This vignette follows up on the Working
With A Crosswalk Table. In the that vignette, you learned how to
remove variables that cannot be harmonized with
subset_surveys()
and harmonize variable names with
harmonize_survey_variables()
.
As a result of these steps, you have a list of surveys, or surveys saved in files that are harmonization candidates. They now need a consistent numerical coding, labelling with special attention given to missing values and other special values.
The function harmonize_values()
solves problems in the
following situations:
When the data are read from an SPSS file, in one dataset the
variable survey1$trust
has no user-defined missing values,
but in another dataset the variable survey2$trust
does have
missing values defined. The two variables cannot be combined. We add
harmonized missing values to the missing value range, even if they are
not present among the observations.
The labels are not matching in survey1$trust
and
survey2$trust
. We harmonize the labels, and record their
initial values for reproducibility.
The missing value ranges in survey1$trust
and
survey2$trust
do not match. We harmonize the missing
values, and record their initial values for reproducibility.
There are unexpected labels present in the range of substantive or missing values. They are taken out from the value range with a special code and marked with a special label.
All values are present, and only the missing values are recoded.
v1 <- labelled_spss_survey (
c(1,0,1,9),
labels = c("yes" =1,
"no" = 0,
"inap" = 9),
na_values = 9)
h1 <- harmonize_values(
x = v1,
harmonize_labels = list(
from = c("^yes", "^no", "^inap"),
to = c("trust", "not_trust", "inap"),
numeric_values = c(1,0,99999)),
id = "survey1")
str(h1)
#> 'retroharmonize_labelled_spss_survey' num [1:4] 1 0 1 99999
#> - attr(*, "labels")= Named num [1:5] 0 1 99997 99998 99999
#> ..- attr(*, "names")= chr [1:5] "not_trust" "trust" "do_not_know" "declined" ...
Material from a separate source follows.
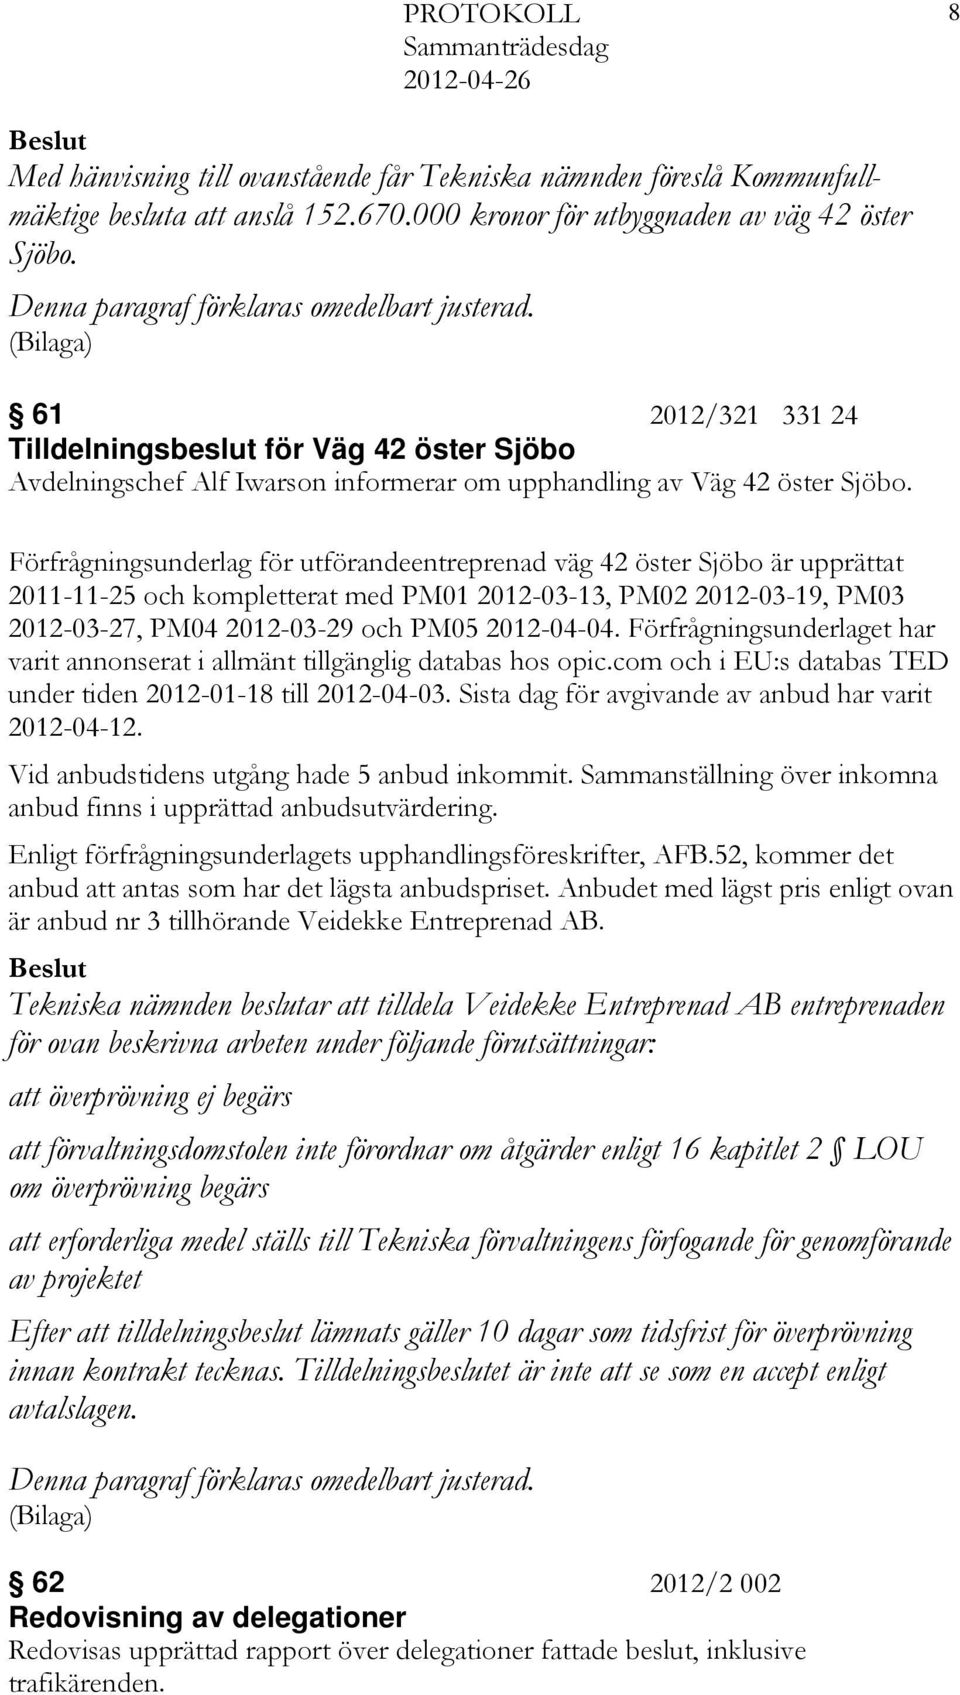 Förfrågningsunderlag för utförandeentreprenad väg 42 öster Sjöbo är upprättat 2011-11-25 och kompletterat med PM01 2012-03-13, PM02 2012-03-19, PM03 2012-03-27, PM04 2012-03-29 och PM05 2012-04-04.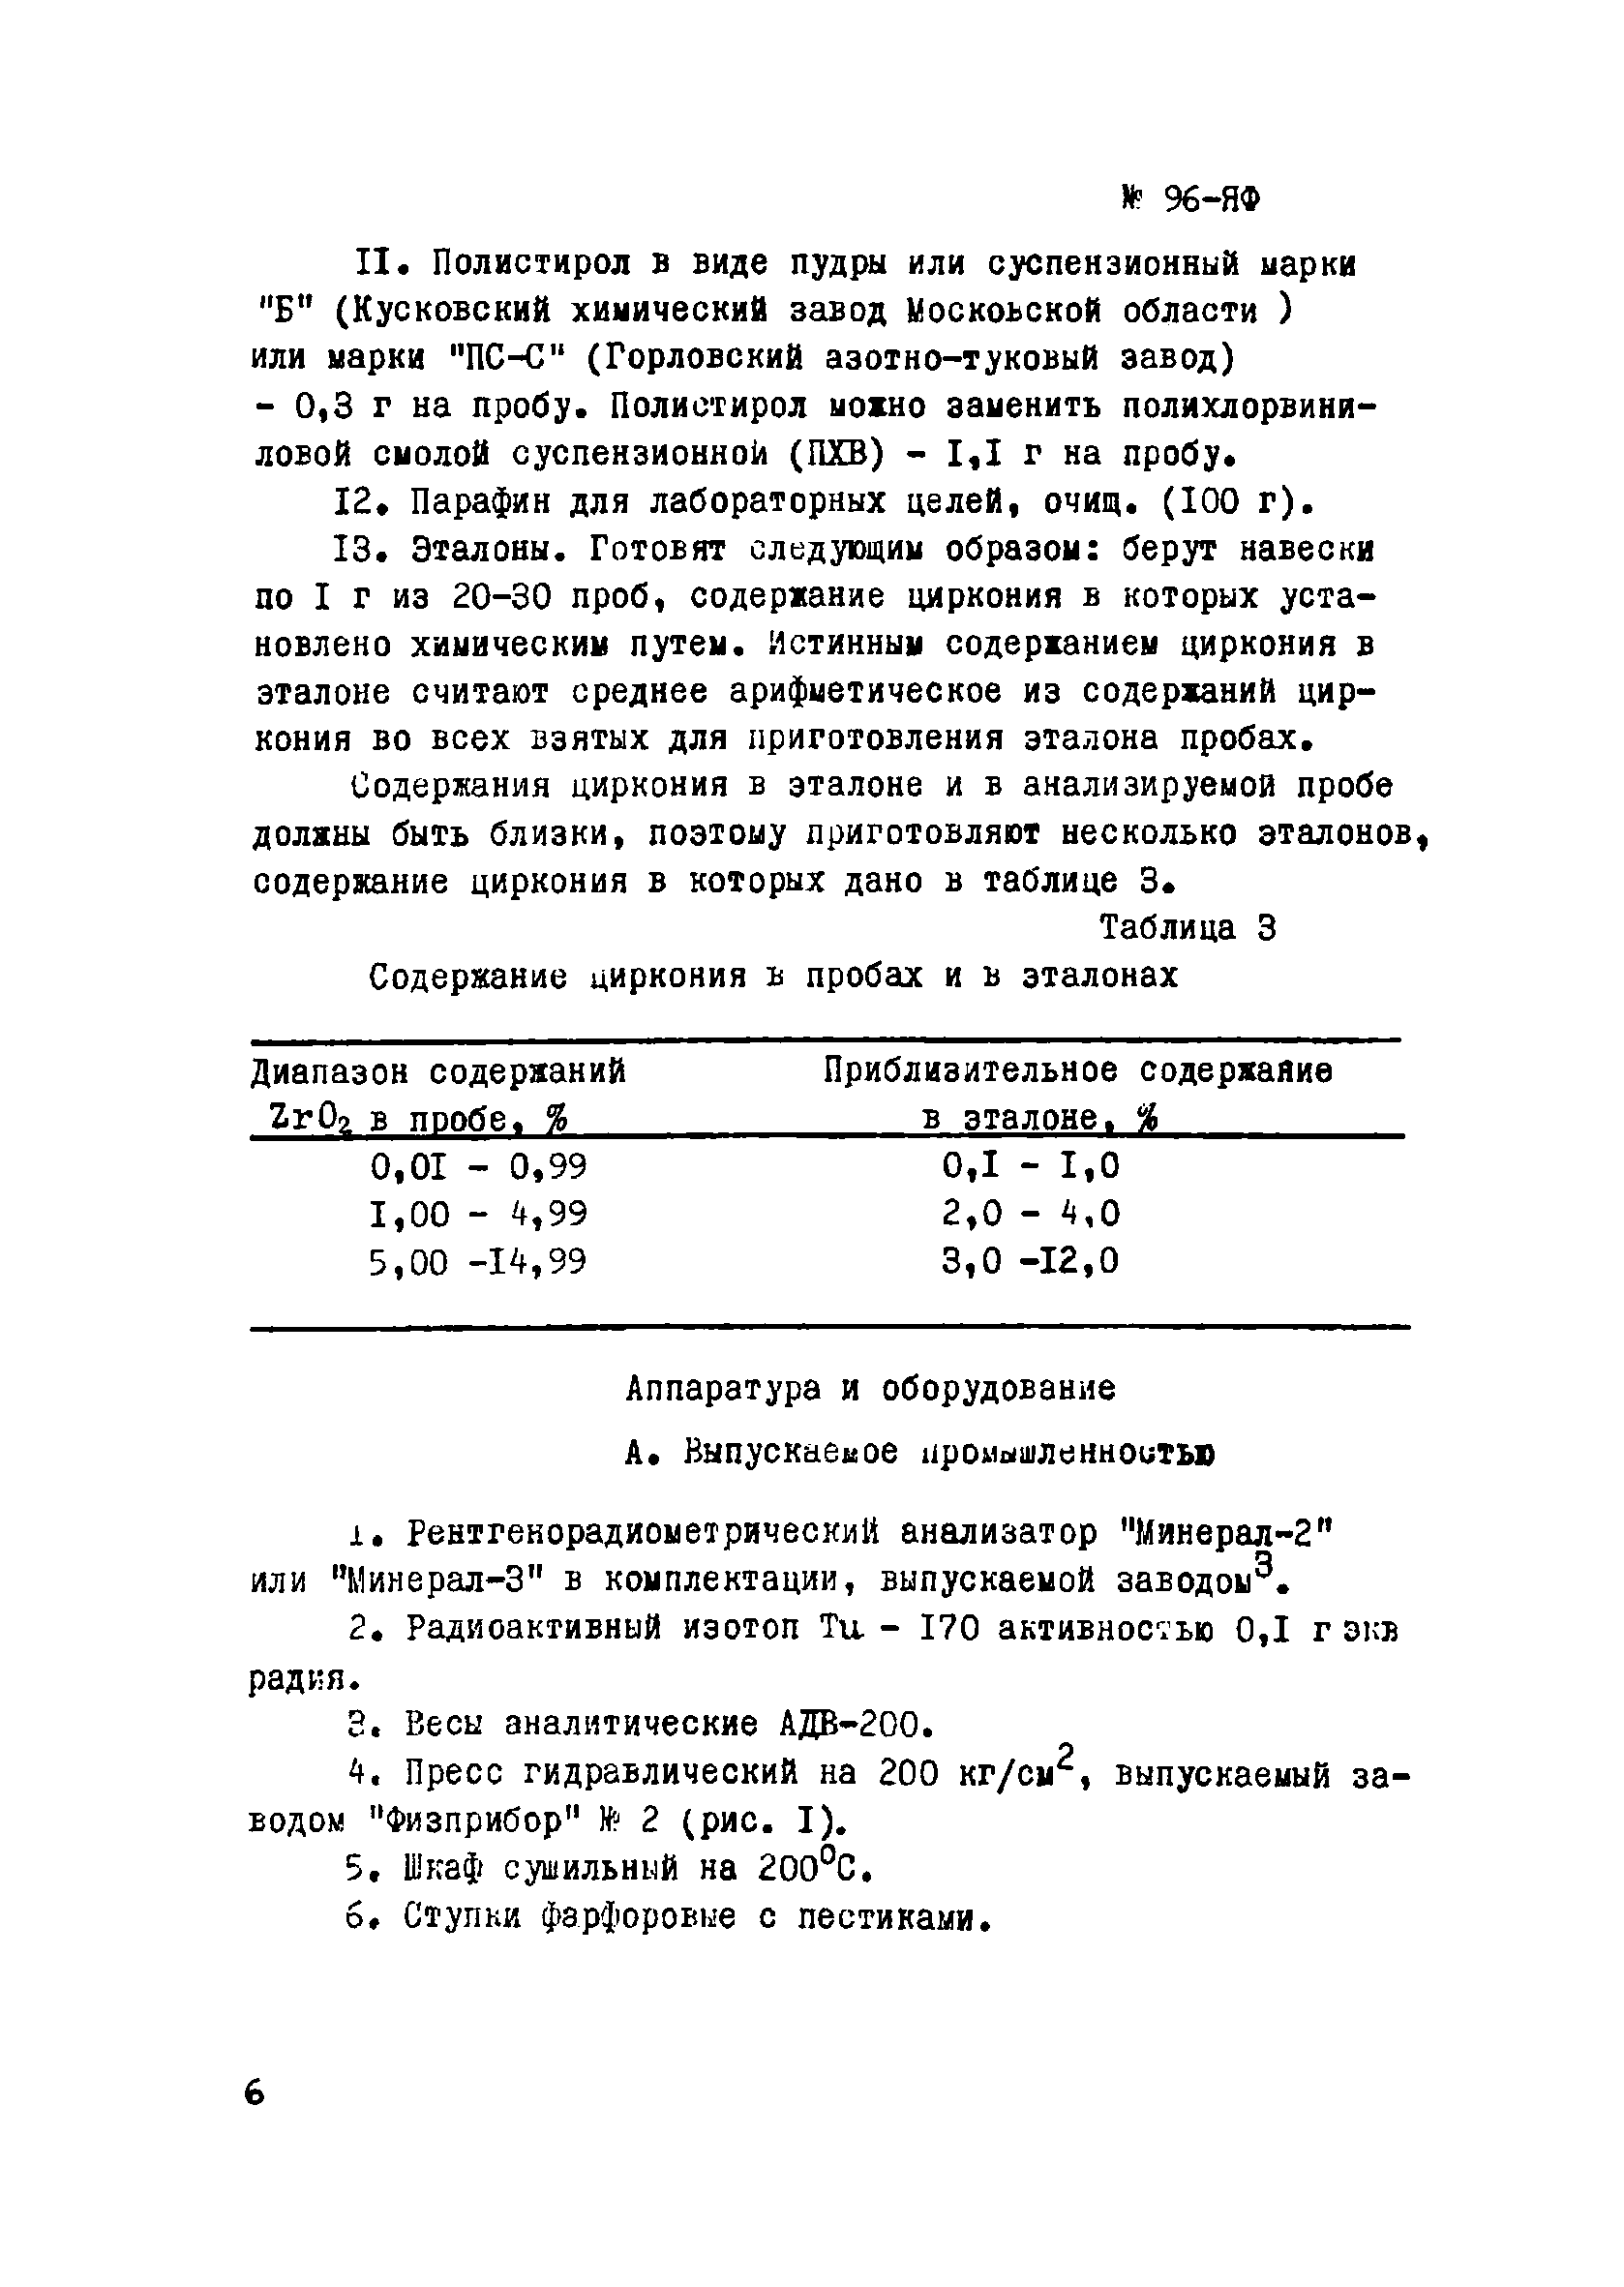 Инструкция НСАМ 96-ЯФ

#> - attr(*, "label")= chr "v1"
#> - attr(*, "na_values")= num [1:3] 99997 99998 99999
#> - attr(*, "survey1_name")= chr "v1"
#> - attr(*, "survey1_values")= Named num [1:3] 0 1 99999
#> ..- attr(*, "names")= chr [1:3] "0" "1" "9"
#> - attr(*, "survey1_label")= chr "v1"
#> - attr(*, "survey1_labels")= Named num [1:3] 1 0 9
#> ..- attr(*, "names")= chr [1:3] "yes" "no" "inap"
#> - attr(*, "survey1_na_values")= num 9
#> - attr(*, "id")= chr "survey1"
the attribute survey1_values
may be used to restore
the original coding.
the attribute survey1_labels
may be used to restore
the original labelling.
the attribute na_values
can re-define if a category
should be treated as missing.
The to_numeric()
method converts the missing value range
to NA_real_
.
The original variable is of class
haven::labelled_spss()
. It has an invalid missing
value.
v2 <- haven::labelled_spss (
c(1,1,0,8),
labels = c("yes" = 1,
"no" = 0,
"declined" = 8),
na_values = 8)
h2 <- harmonize_values(
v2,
harmonize_labels = list(
from = c("^yes", "^no", "^inap"),
to = c("trust", "not_trust", "inap"),
numeric_values = c(1,0,99999)),
id = 'survey2' )
str(h2)
#> 'retroharmonize_labelled_spss_survey' num [1:4] 1 1 0 8
#> - attr(*, "labels")= Named num [1:5] 0 1 99997 99998 99999
#> ..- attr(*, "names")= chr [1:5] "not_trust" "trust" "do_not_know" "declined" ...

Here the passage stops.